If i was starting HE now i would wait and see what they are getting in october as they are being re released before buying any more

If you want a guess at what the elves get 10 Lothern seaguard, 10 Sword masters, 5 Eyllrion Reavers, Griffon rider and a mage. 

So your next step would probably be archers bolt throwers, an eagle or 2 and infantry blocks, possibly a dragon. But hold fire for the the moment


----------



## GreenFaceMonkey

Ok, will do then. I immaine i wont expand the setuntil christmas, as im a slow worker and will only add stuff once the box has been released. Ill get a codex i guess and go from there, its jus tricky since im new to playing/list writing.
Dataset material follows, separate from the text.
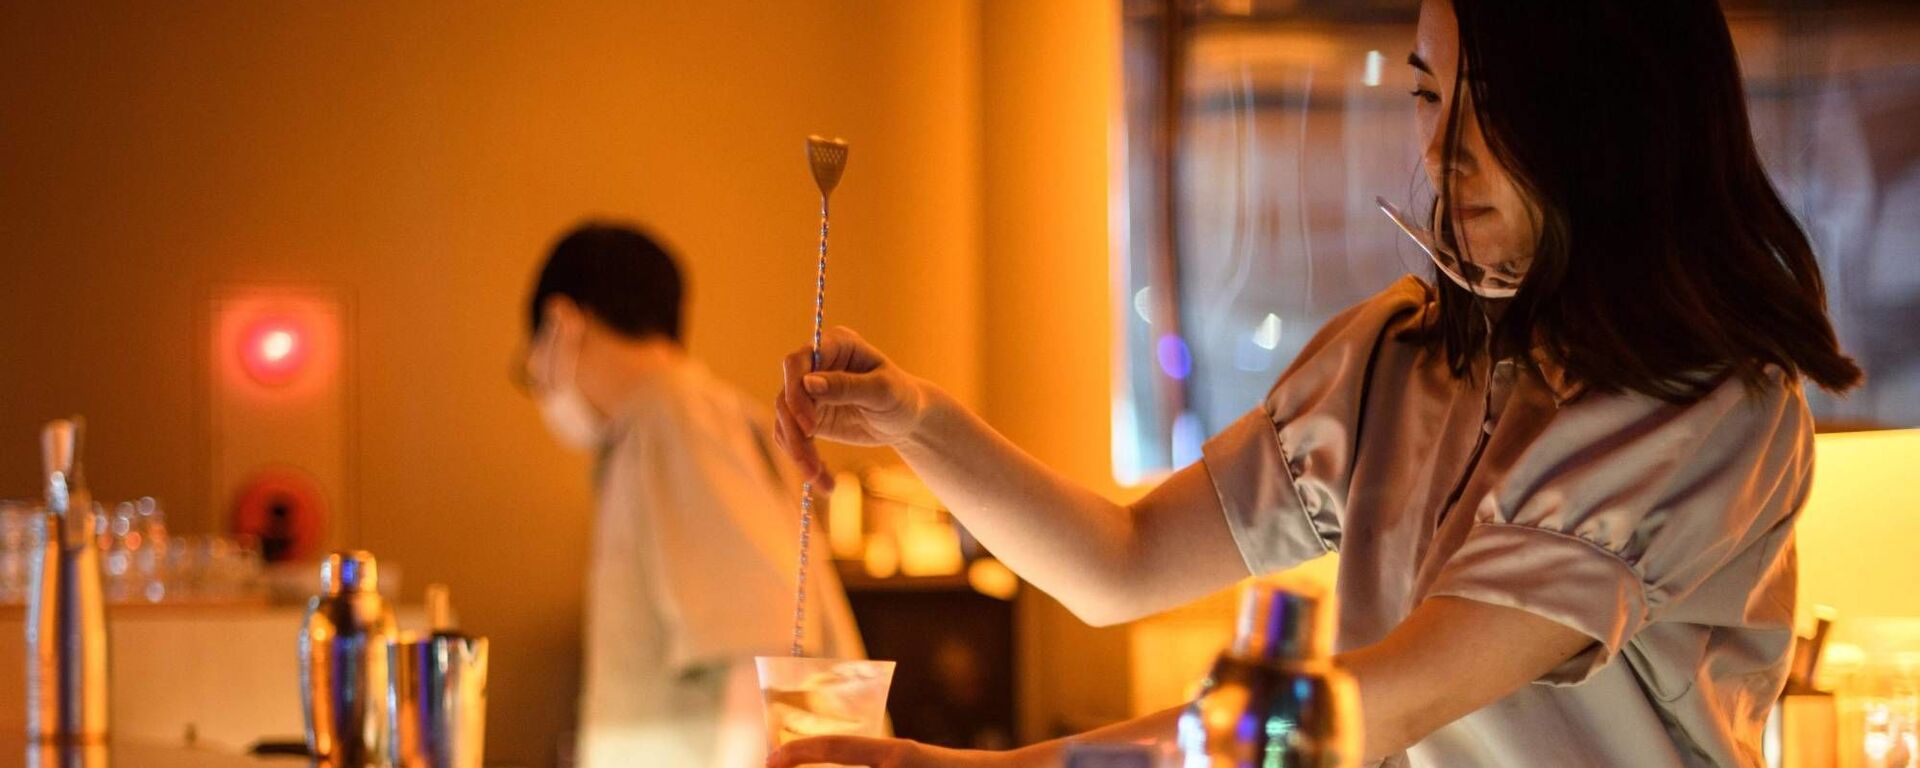 Son derece sofistike tat çeşitlemeleri sunan alkolsüz kokteyllerin servis edildiği barlar Japonya'da giderek yaygınlaşıyor. - Sputnik Türkiye, 1920, 07.07.2022

Come to think of it, there could be example lists like there was in Skull Pass.


----------



## Cheese meister

just seen some of the pics and i'm getting 2 when they come out


----------



## Creon

Assuming this (http://www.heresy-online.net/forums/showthread.php?t=64926&page=3) is correct, here is the contents:

Prince on Griffon
Mage on foot
20 Sea Guard
10 Swordmasters of Hoeth
5 Ellyrian Reavers

Skaven

Warlord
Warlock
40 Clanrats
20 Slaves
Poisoned Wind Mortar
Warpfire Thrower
2 Rat Ogres with Packmaster
5 Poisoned Wind Globadiers

Assuming a Tradesies Elves for Skaven (which is my plan, hates the High Elvees, we do!) You'd need RBT's, some bow units, and likely spellcasters.


----------



## Cheese meister

i wold use him as eltharion on stormwing personally


----------